Reviving a Legend: The Coco Palms Resort

After others failed over two decades, a new team is hoping to rebuild the Coco Palms Resort

The once iconic Coco Palms resort is now a set of dilapidated brown buildings in the middle of a jungle. Guinea grass grows wild, coconuts lay scattered across the ground and some buildings have graffiti sprayed on the remaining interior walls. The property has remained mostly untouched for 25 years, a grim reminder of how Hurricane Iniki devastated Kauai in 1992 and led to the hotel’s closure.

But change began in summer 2016, when construction crews started demolishing select structures. Some buildings are now stripped bare to their foundations; others have their concrete skeletons left intact, waiting to be repaired and covered by new walls.

The hotel project, a $135 million effort led by Tyler Greene and Chad Waters of Coco Palms Hui LLC, is on its way to reopening in 2019 as part of Hyatt’s Unbound Collection. The plan is to rebuild the hotel with 350 rooms, 12,000 square feet of retail, three restaurants and a cultural center.

This is the farthest any effort to reconstruct the Coco Palms has come since it closed, and the journey hasn’t been easy.

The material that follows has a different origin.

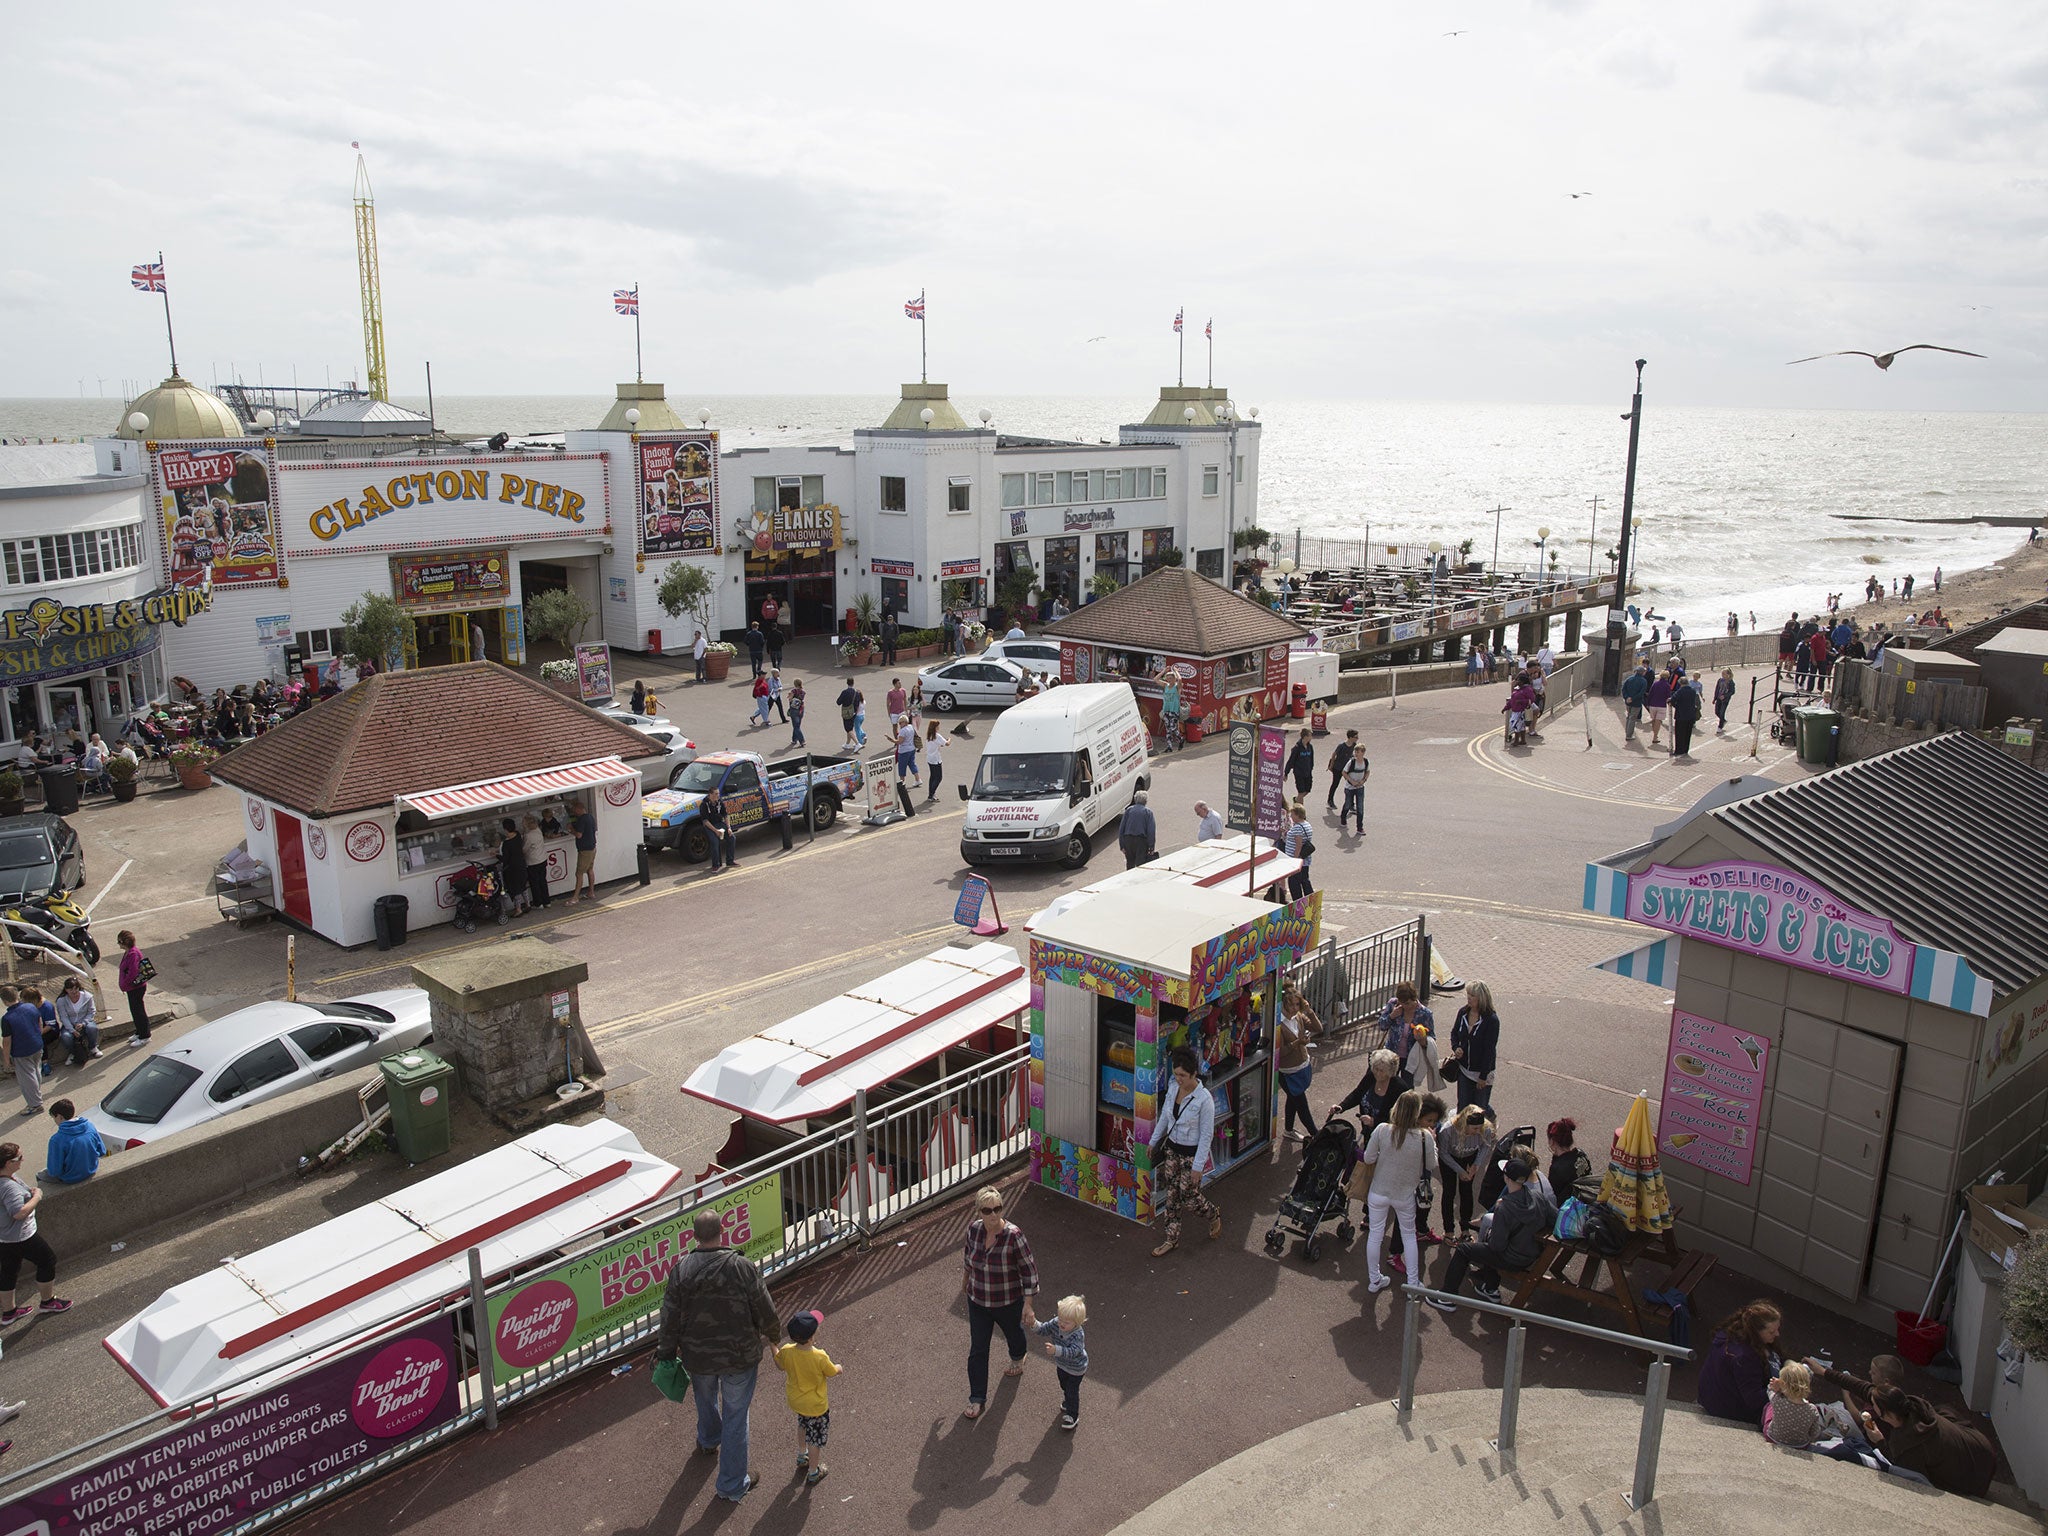 Places like Clacton have been left behind by economic growth
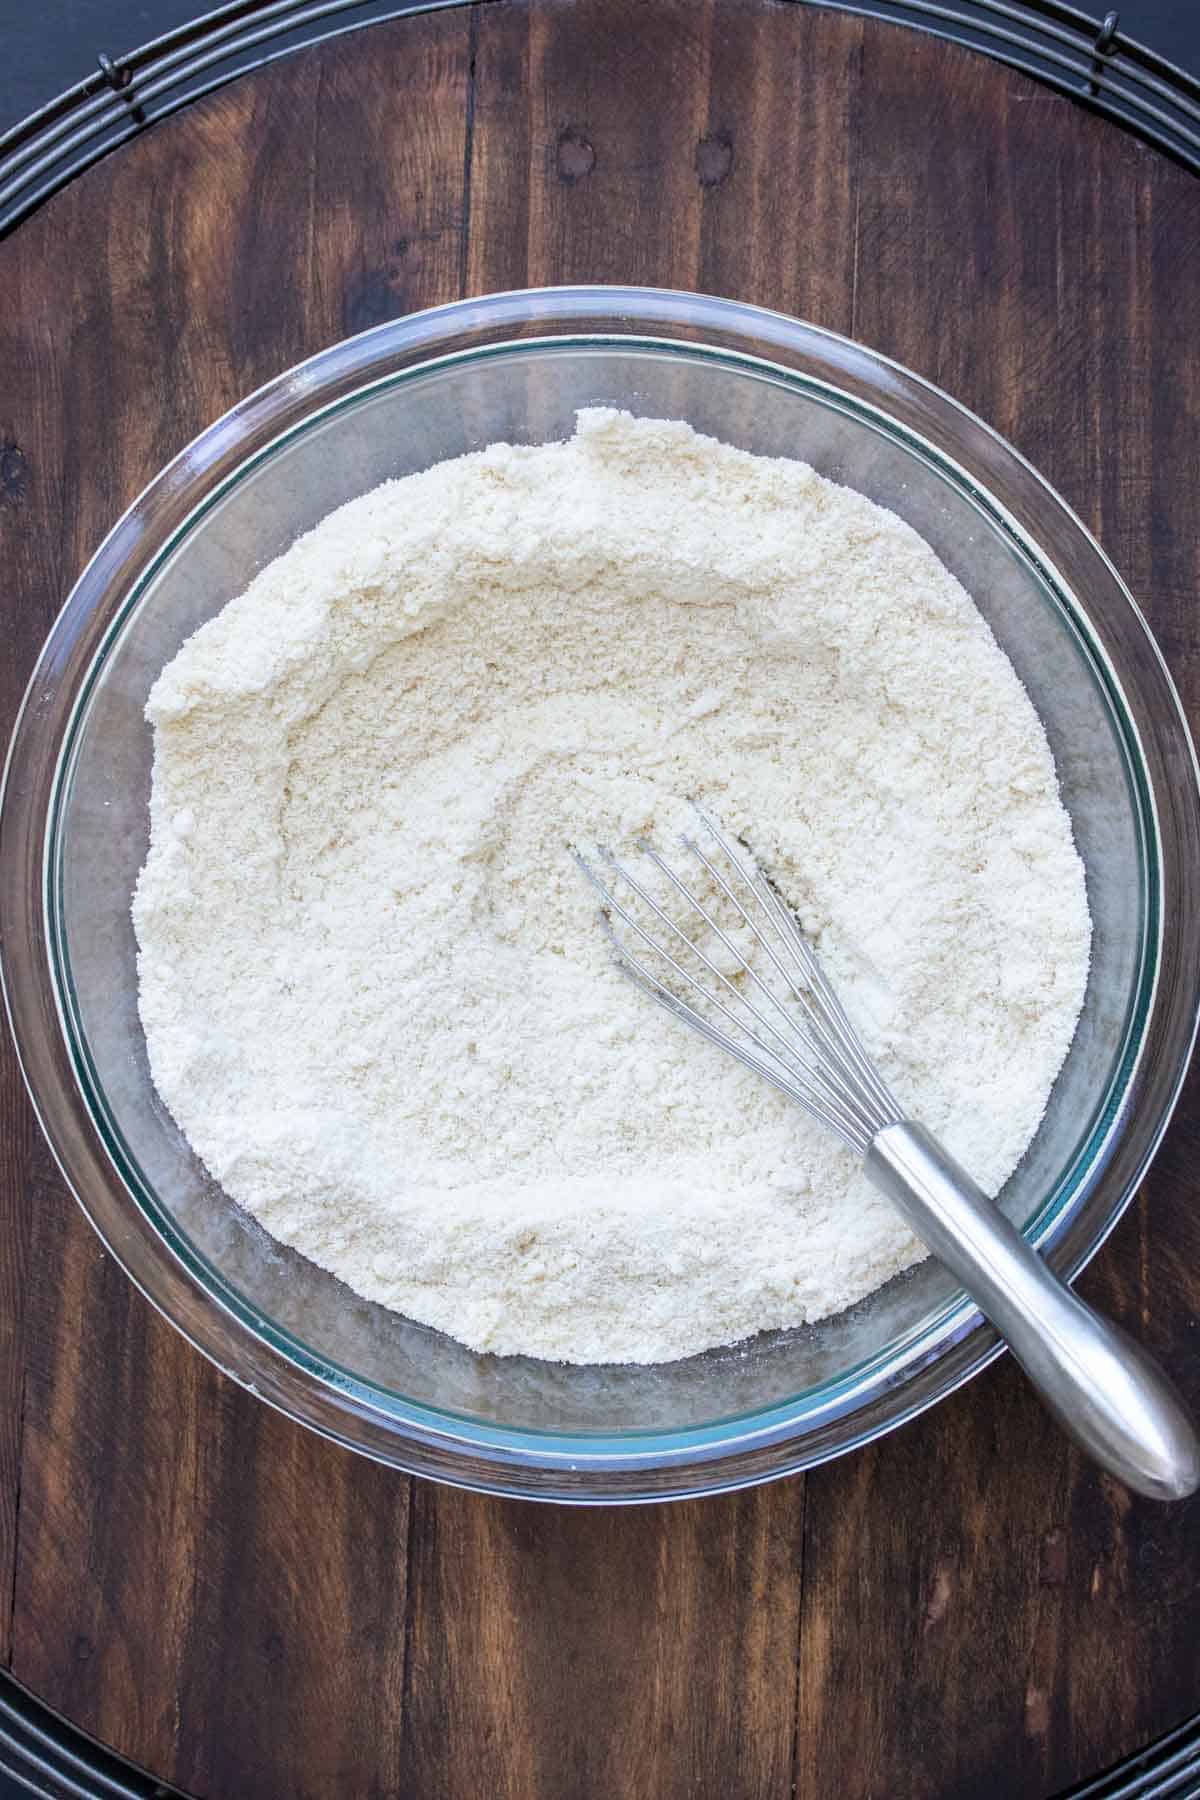 Whisk mixing flour in a glass bowl

Other efforts to rebuild the hotel or repurpose it have failed, and even today community members express concerns about how the reopened resort will increase traffic in an already-congested area on Kauai’s east side. To get this far has taken commitment, says architect Ron Agor.

“There’s a sense of Hawaiian ritual there. And even with the structures being dilapidated as it has been over the last 20 years, when you walk through it, you still feel it. You still feel it,” he says. “Sometimes I walk through there by myself, I get goosebumps just envisioning what used to happen there, and the idea of bringing it back.”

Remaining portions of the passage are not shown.